Sulfhemoglobinemia causes cyanosis because oxygen cannot bind to sulfhemoglobin.  Sulfhemoglobinemia is most often associated with exposure to chemicals such as trinitrotoluene or zinc ethylene bisdithiocarbamate (a fungicide). Sulfhemoglobinemia can also occur after ingestion of drugs such as sulfasalazine, sumatriptan, furosemide, metoclopramide, and flutamide. It has also been precipitated by hydrogen sulfide producing bacteria such as Morganella morganii.

Symptoms include a blue-green discoloration of the skin and mucous membranes. This discoloration occurs when sulfhemoglobin concentration exceeds 0.5% of total hemoglobin.

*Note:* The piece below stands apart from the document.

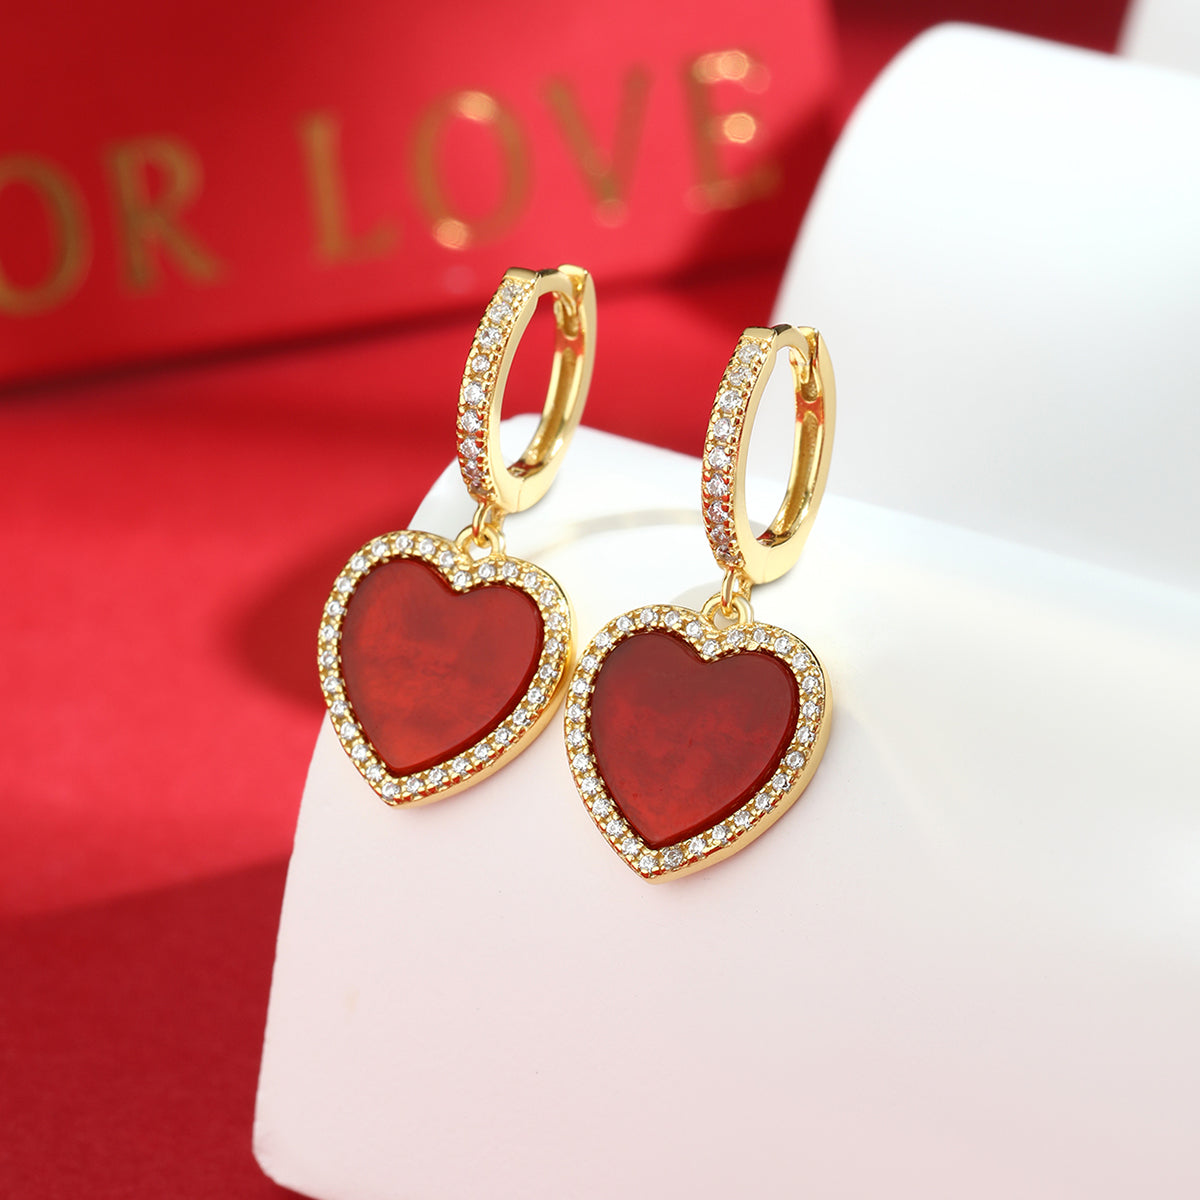 Vintage Style Luxurious Romantic Heart Shape Sterling Silver Plating Inlay Malachite Carnelian Zircon Women's Earrings Necklace

Sulfhemoglobinemia persists until the erythrocytes containing it are destroyed. Therefore, the blood level of sulfhemoglobin declines gradually over a period of weeks.

Patients with sulfhemoglobinemia often also have methemoglobinemia. There is no specific treatment for sulfhemoglobinemia. Therapy is directed at reversing the methemoglobinemia, if present.

Sulfhemoglobin is detected by co-oximetry. The normal absorption spectrum of oxyhemoglobin has very little optical density above 600 nm, while sulfhemoglobin absorbs light in the range of 600 nm to 620 nm. Methemoglobin absorbs light at 630 nm. A co-oximeter cannot clearly distinguish sulfhemoglobin from methemoglobin. The co-oximeter result may represent a combination of methemoglobin and sulfhemoglobin. 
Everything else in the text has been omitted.